**RECORDS FOR THE EXERCISE**.
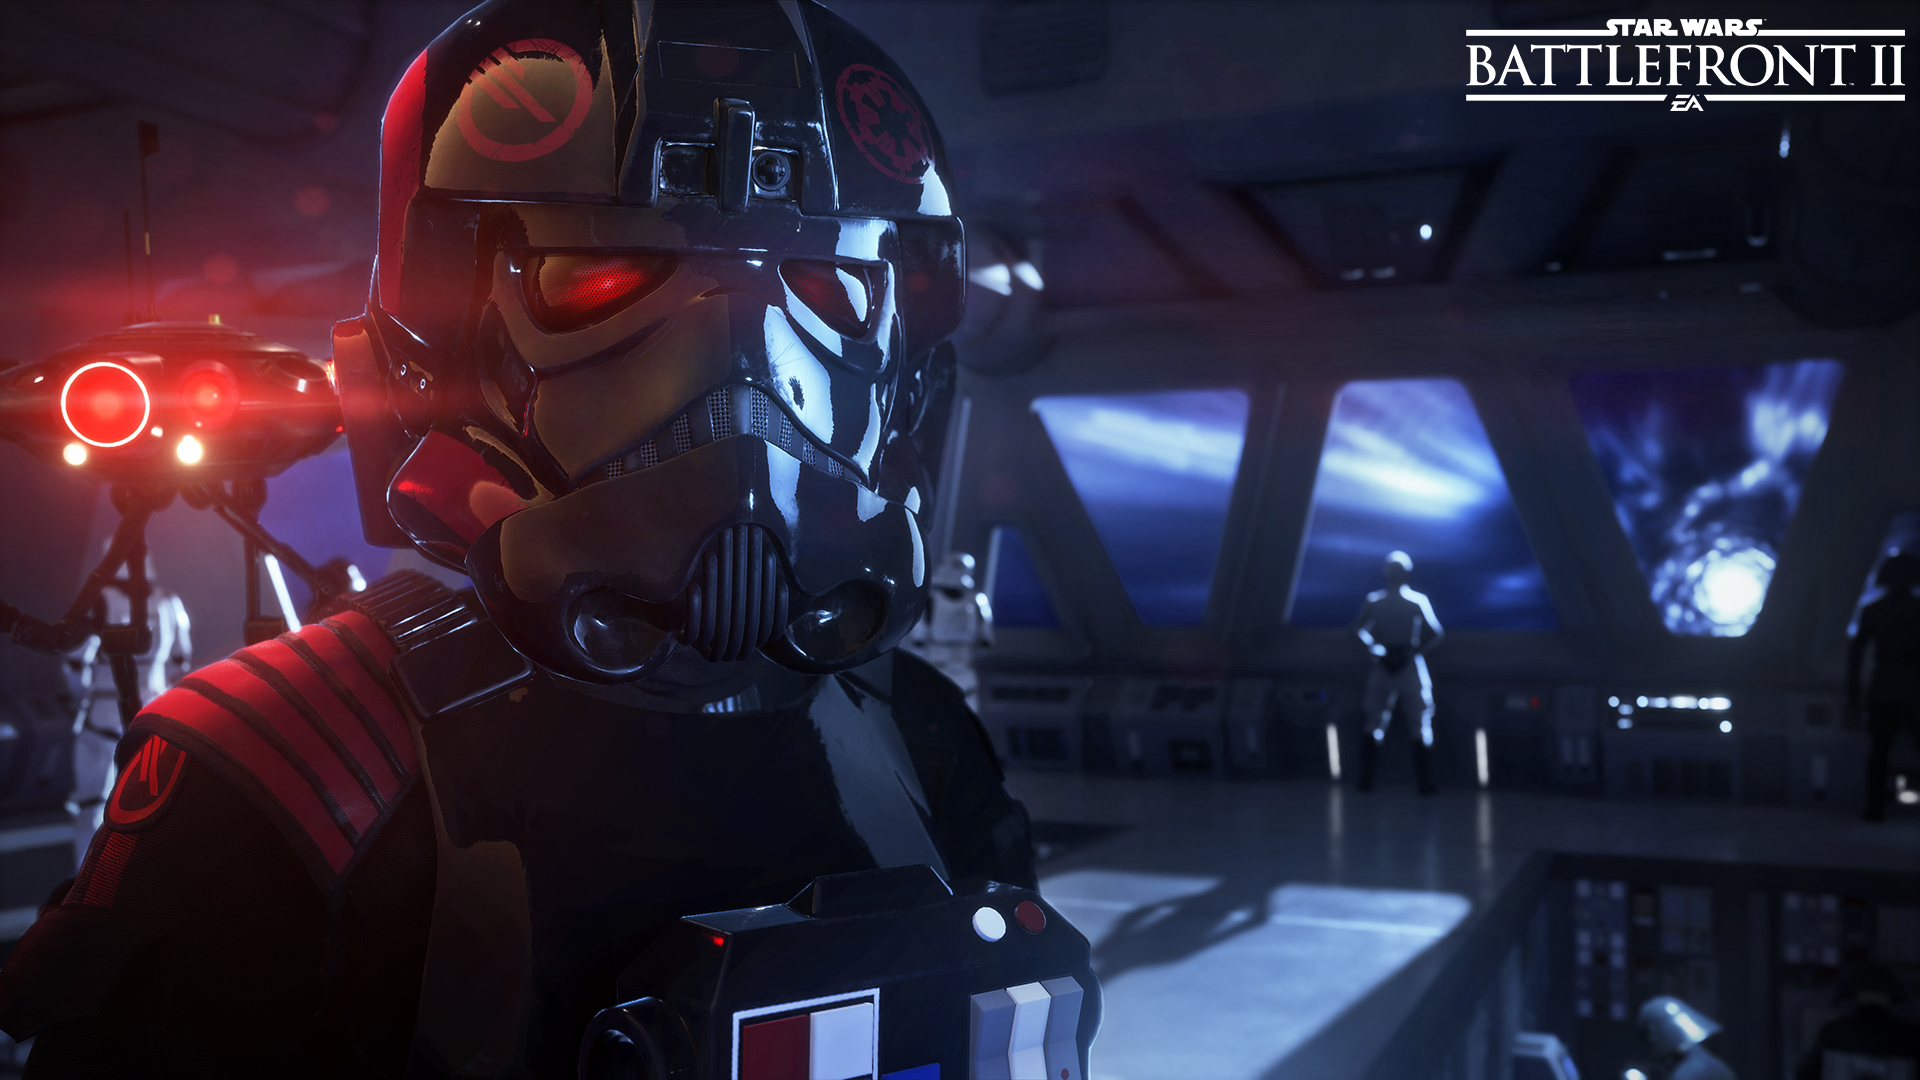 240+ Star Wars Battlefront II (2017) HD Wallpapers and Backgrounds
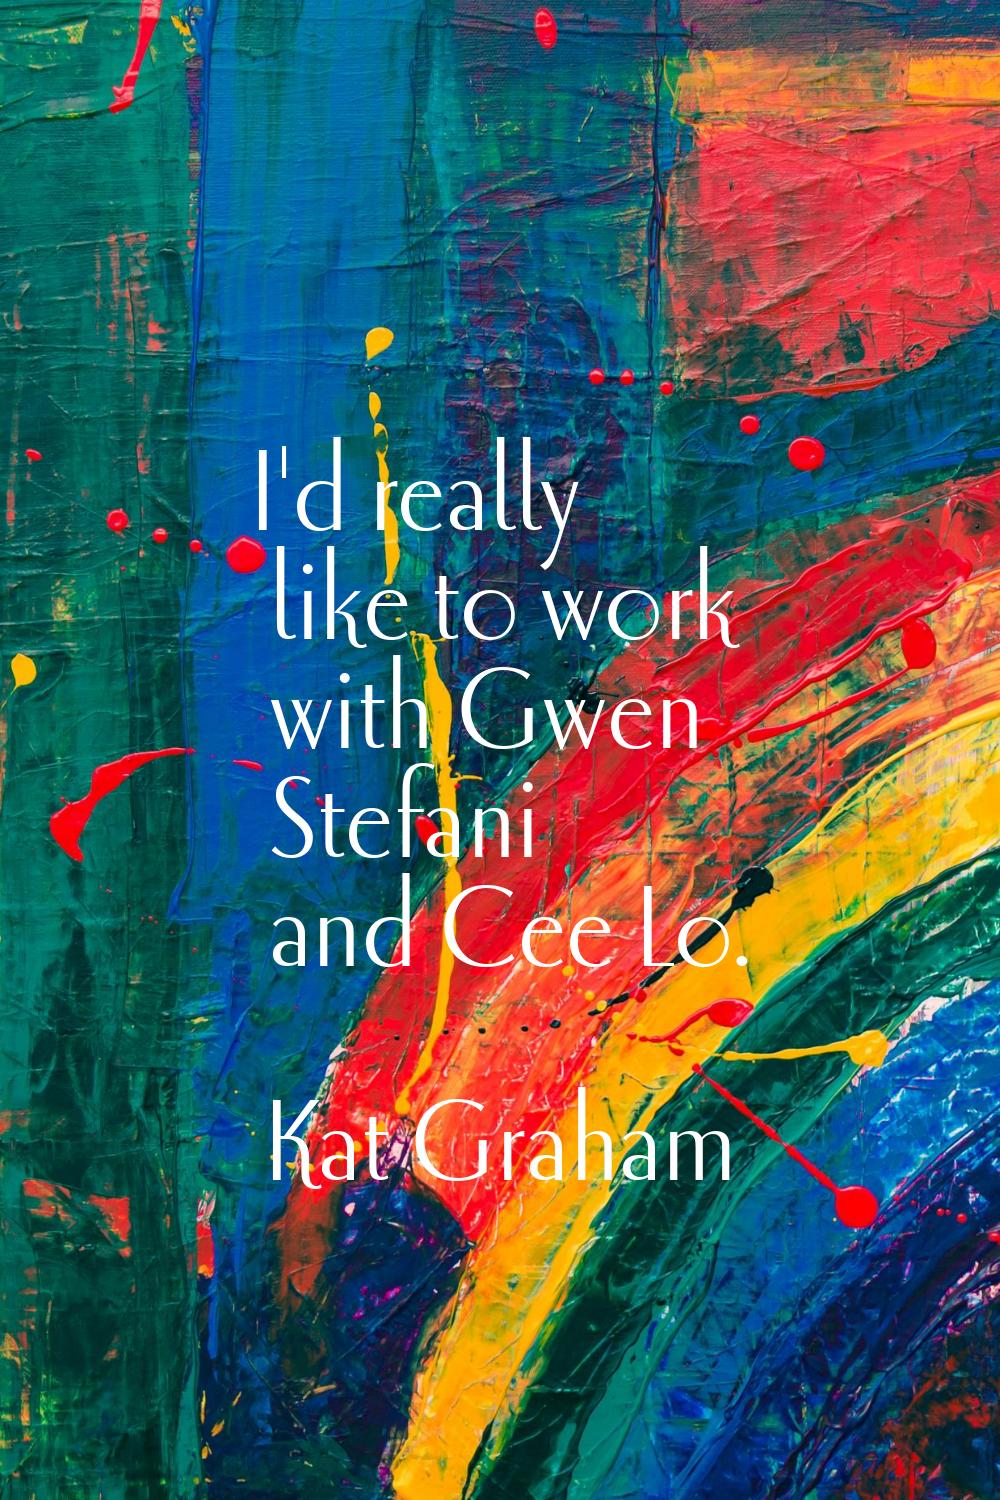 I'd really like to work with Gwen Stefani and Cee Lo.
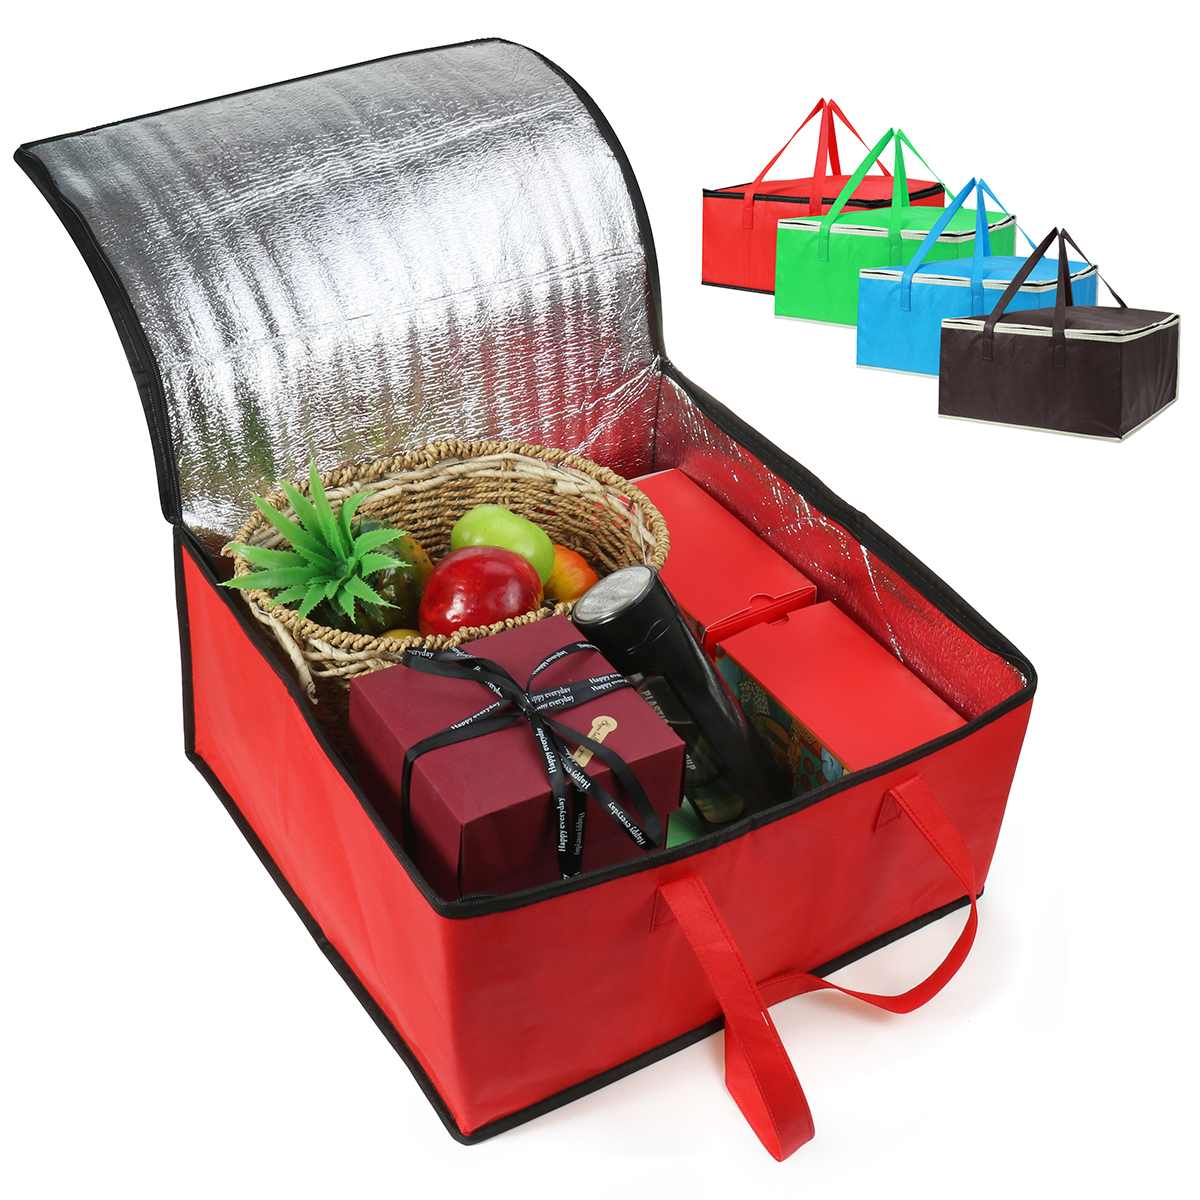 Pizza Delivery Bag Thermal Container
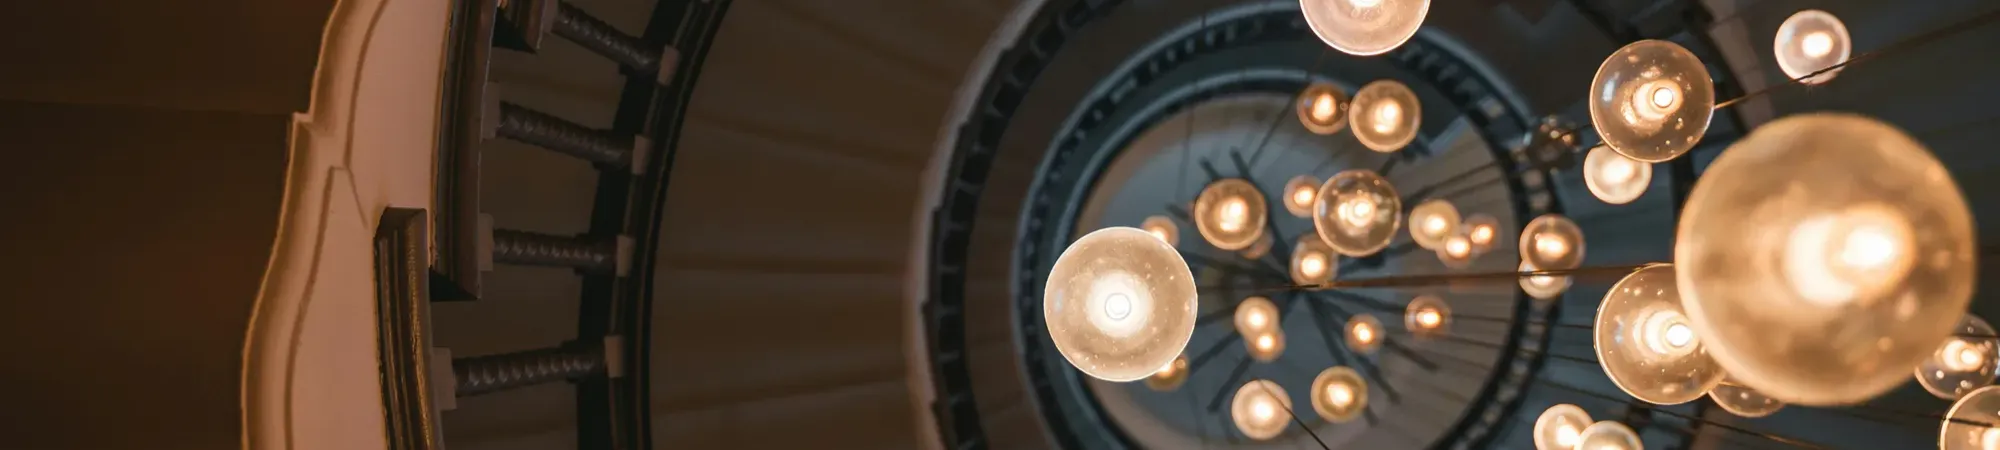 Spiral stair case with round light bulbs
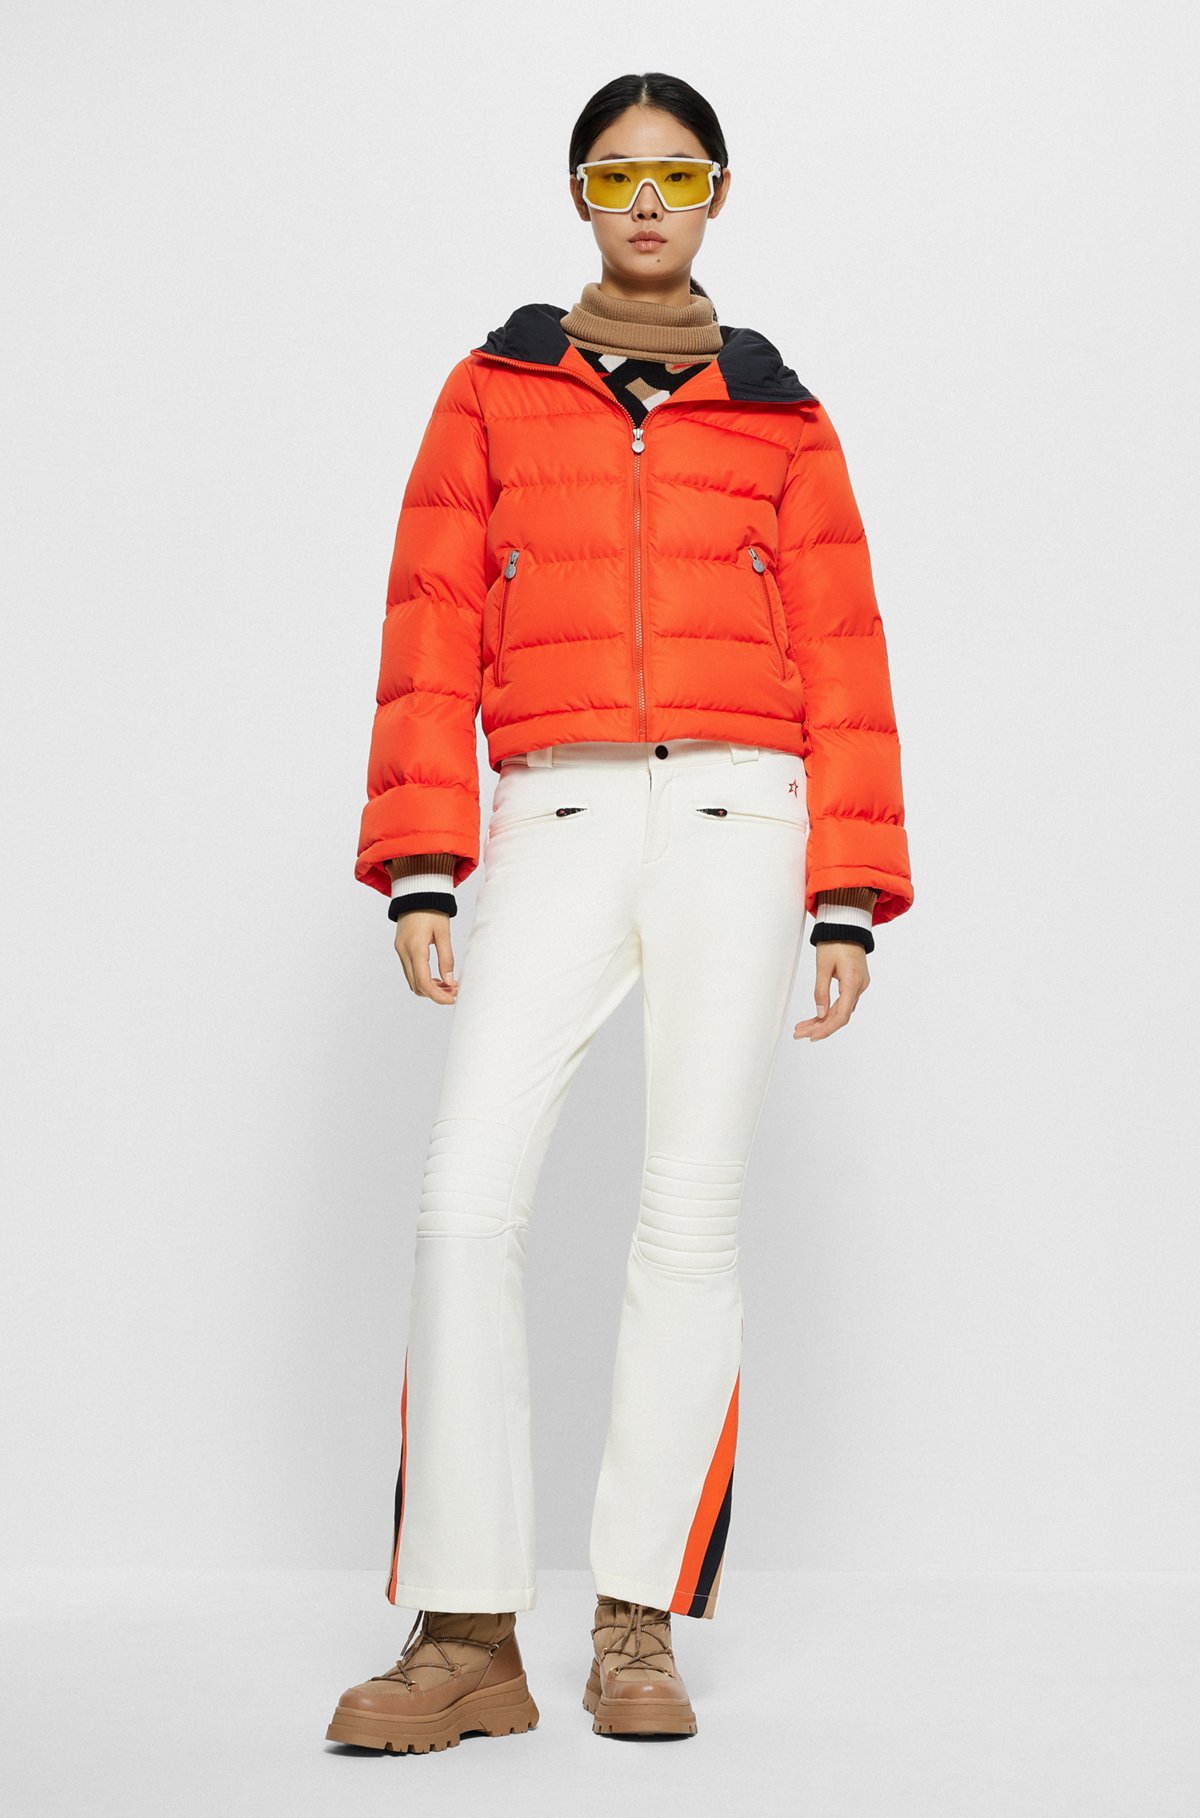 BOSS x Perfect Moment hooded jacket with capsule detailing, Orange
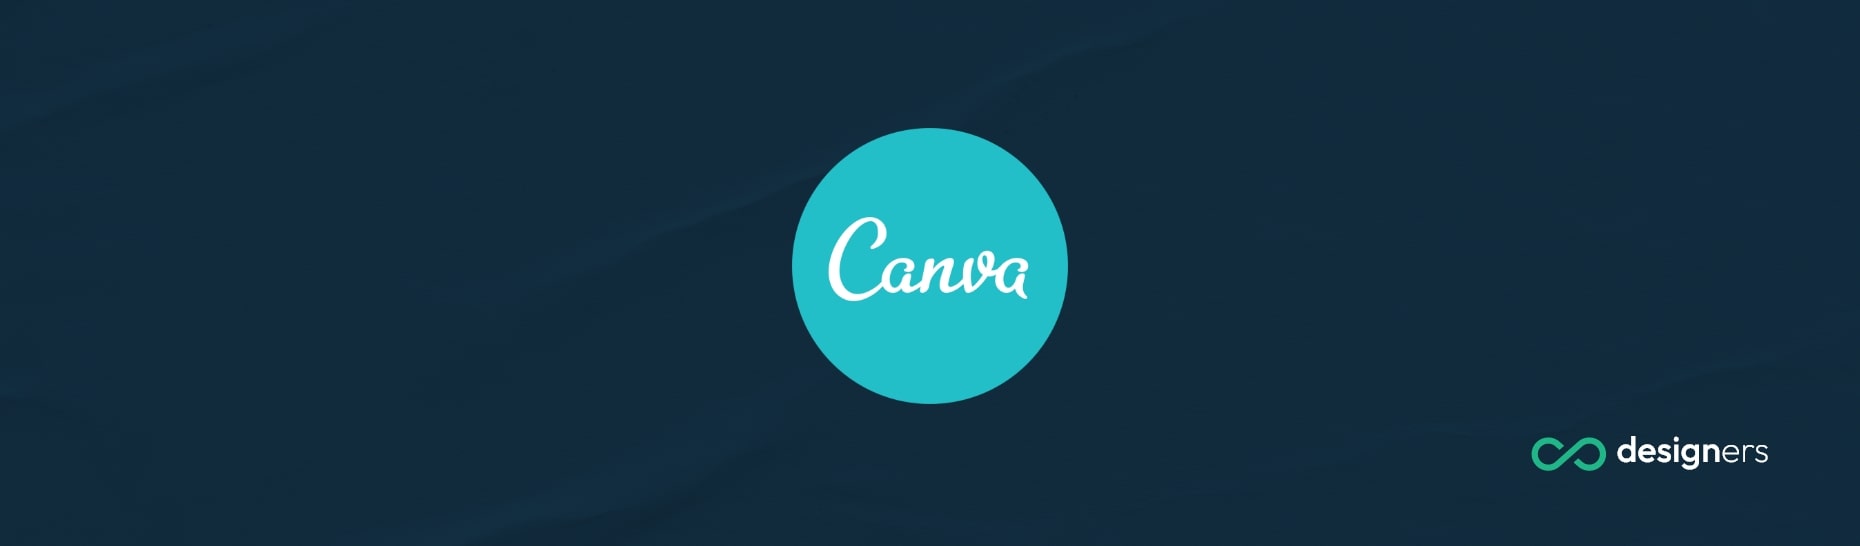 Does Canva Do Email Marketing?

**EXERCISE**.
Retype verbatim only the lines beginning with the line that contains "I'd really like" and ending with the last line of the listing above; pictures are to be excluded.

**RESULT FOR THIS TASK**.
 I'd really like to work with Gwen Stefani and Cee Lo.
 Pizza Delivery Bag Thermal Container
 Spiral stair case with round light bulbs
 BOSS x Perfect Moment hooded jacket with capsule detailing, Orange
 Does Canva Do Email Marketing?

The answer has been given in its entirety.